One of Pinker’s examples was the famous “checker shadow illusion,” which completely bamboozled me. In case you haven’t seen it, I’ll reproduce it here. Take a look at this checkerboard, and at squares A and B.  They’re different shades, right?
Nope—they are exactly the same color and shade! Don’t believe it? (I didn’t.) 
 Check out this video, which connects those two squares with a like-colored bar,
 demonstrating that they’re the same:
If you’re still not convinced, there’s another demonstration here.

This famous illusion was produced by Edward Adelson, a professor of vision science at MIT.  (I’ve given references to two of his papers below, the second of which has some other cool video illusions.)  According to Pinker (and I buy his point), these illusions are hitchhiking on evolved adaptations of our visual system.

Here’s Adelson’s explanation for the checker shadow effect, which involves how our visual system distorts external reality as way to compensate for how things should look under situations of shadow and local contrast: "Why does the illusion work? The visual system needs to determine the color of objects in the world.

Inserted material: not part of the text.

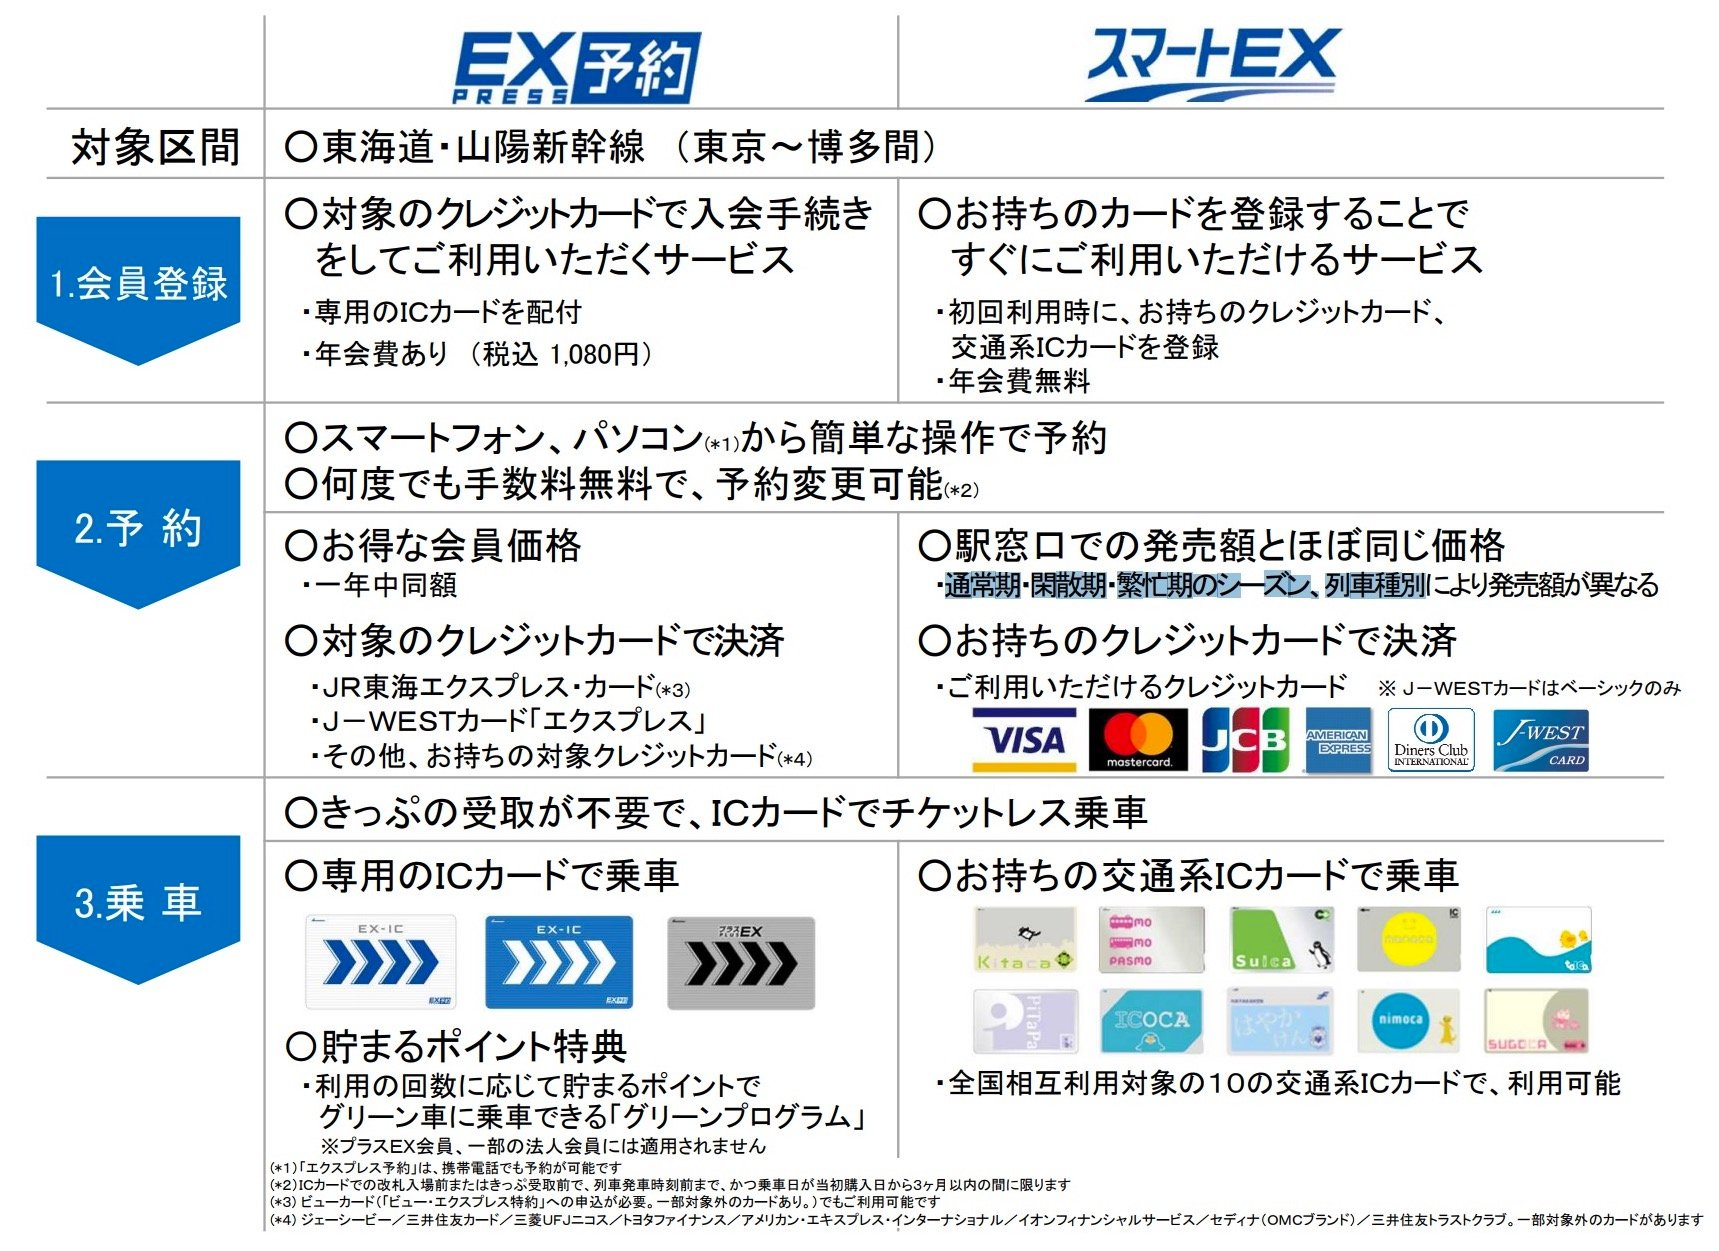 スマホとSuicaで新幹線予約「スマートEX」の使い方〜登録・予約・払戻などまとめ
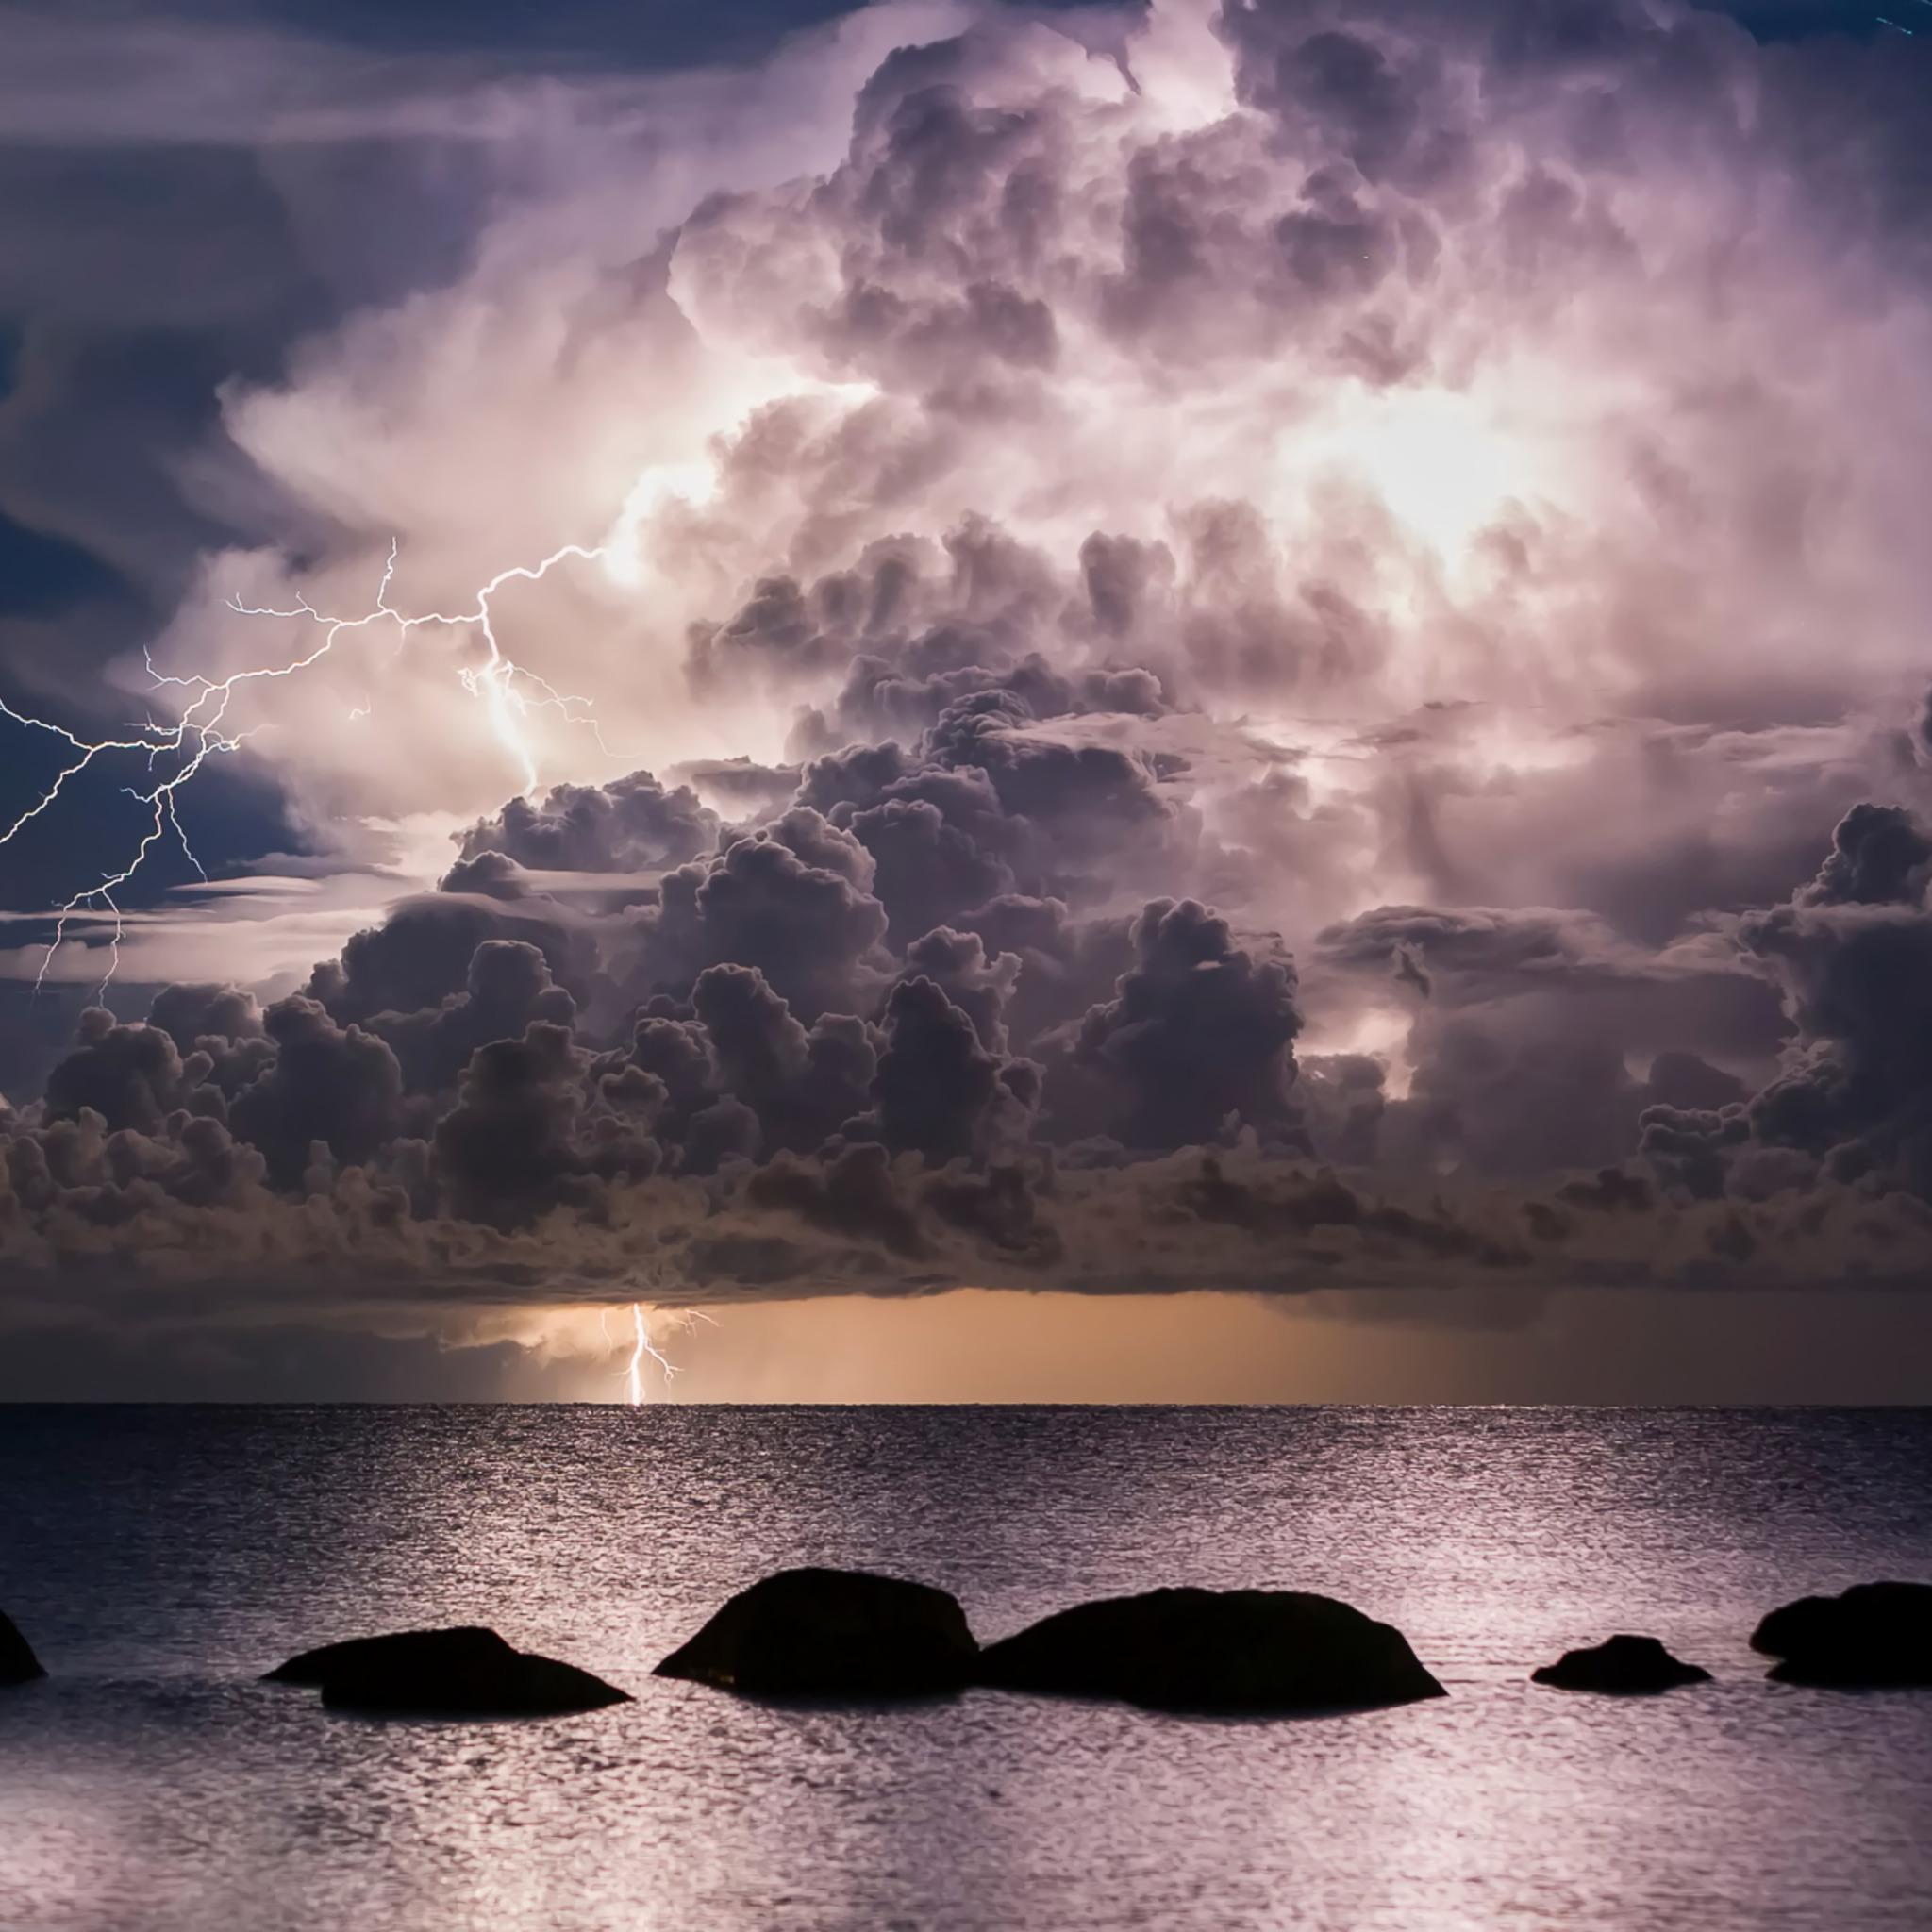 storm-clouds-over-ocean-wallpaper.jpg

In this case the problem is to determine the gray shade of the checks on the floor. Just measuring the light coming from a surface (the luminance) is not enough: a cast shadow will dim a surface, so that a white surface in shadow may be reflecting less light than a black surface in full light. The visual system uses several tricks to determine where the shadows are and how to compensate for them, in order to determine the shade of gray “paint” that belongs to the surface.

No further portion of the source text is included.